Grilled pork tenderloin is good either as a dry rub or marinated. I decided to marinate it this time– maybe I’ll do a dry rub pork loin post later this summer– I’ll definitely be making this again.

Ingredients:

  • 1 Pork Tenderloin, any size
  • 1 12-oz. can of your favorite Cola
  • 1/2-Cup Olive Oil
  • 2 Tablespoons Apple Cider Vinegar
  • 2 Tablespoons Soy Sauce
  • 1 Teaspoon Black Pepper
  • 1 Teaspoon Granulated Garlic Powder
  • 1 Teaspoon Oregano

 

Special Utensils:

  • Meat Thermometer

 Serves 2-4, depending on size of tenderloin

Mix the marinade ingredients. Marinate the tenderloin for at least several hours, preferably overnight.

Heat up charcoal to cover half the grill, or heat up half the burners on your gas grill, if you insist on using a gas grill (crime against barbeque, in my opinion, but I try to keep an open mind). I also cut up some apple wood, burning some on the coals to embers, and reserve a few chunks to soak in water for smoking. I think I mentioned in another post, if you have a gas grill and you want to smoke meat, I’ve heard you can put wood chips in foil, wrapped up but open on the ends, then set directly on a burner to get the wood inside the foil smoking.

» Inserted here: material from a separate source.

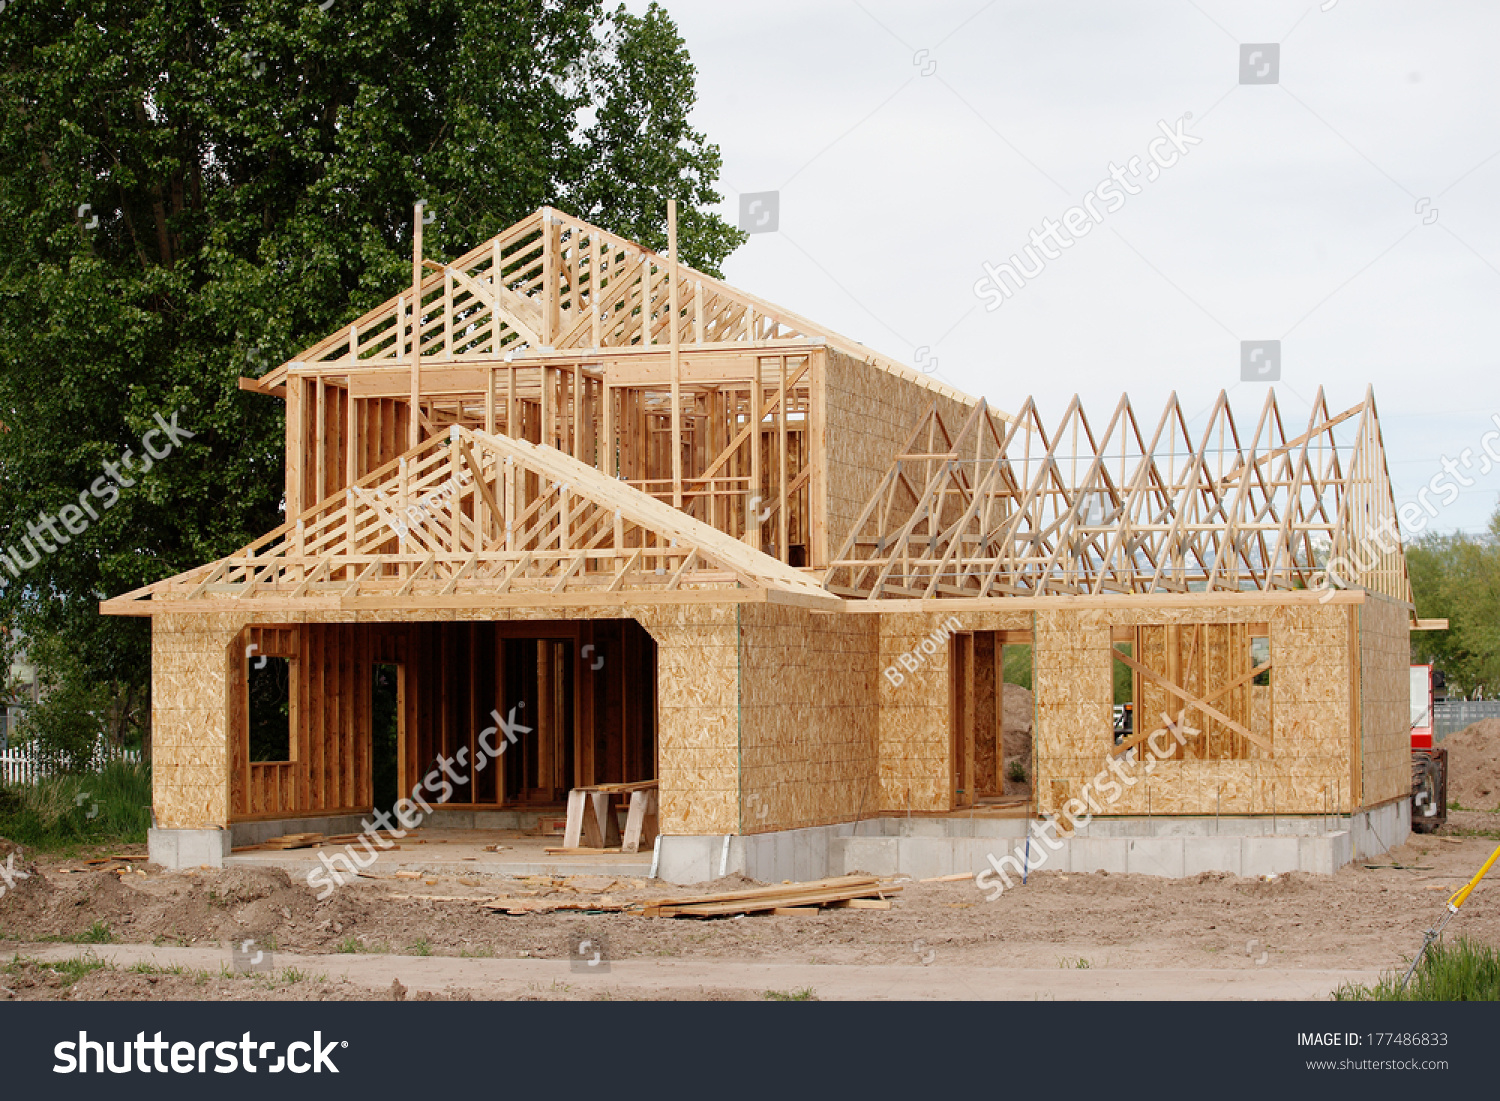 New Stick Built Home Under Construction Stock Photo 177486833 | Shutterstock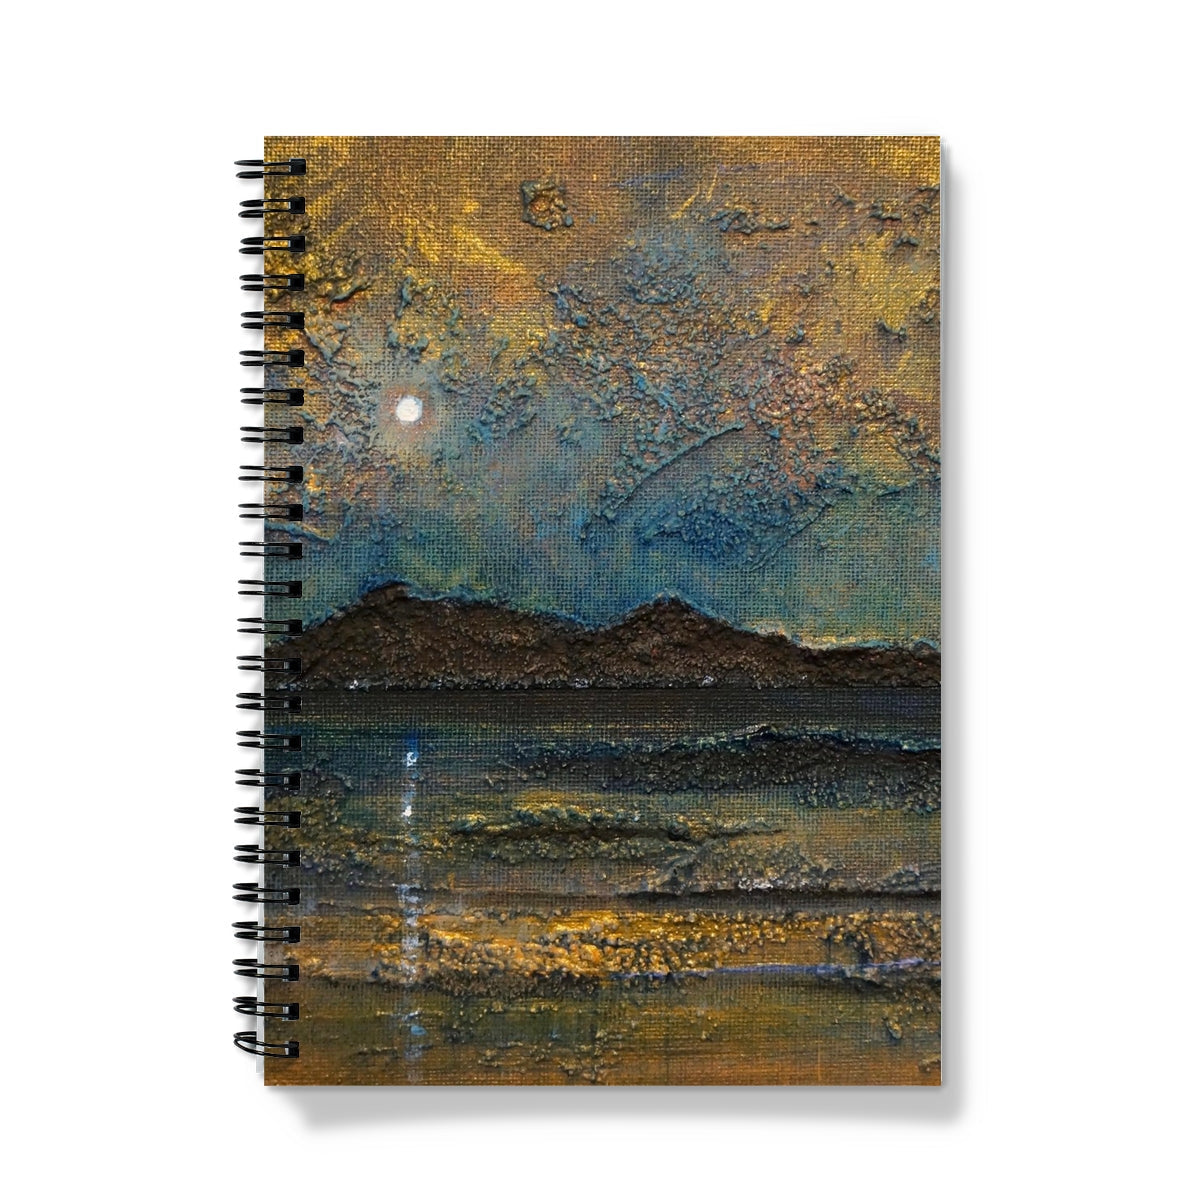 Arran Moonlight Art Gifts Notebook-Journals & Notebooks-Arran Art Gallery-A5-Graph-Paintings, Prints, Homeware, Art Gifts From Scotland By Scottish Artist Kevin Hunter

When the coals are ready. first put the pork on the hot side of the grill, turning every few minutes just until you get a nice brown on outside of the meat. Then move the meat to the cooler side of the grill to finish cooking with indirect heat. Insert the thermometer probe into the middle of the loin, sit down, open your favorite beverage, and wait until the temp reaches 145. take the tenderloin off the heat, let rest for 5 minutes or so, and enjoy!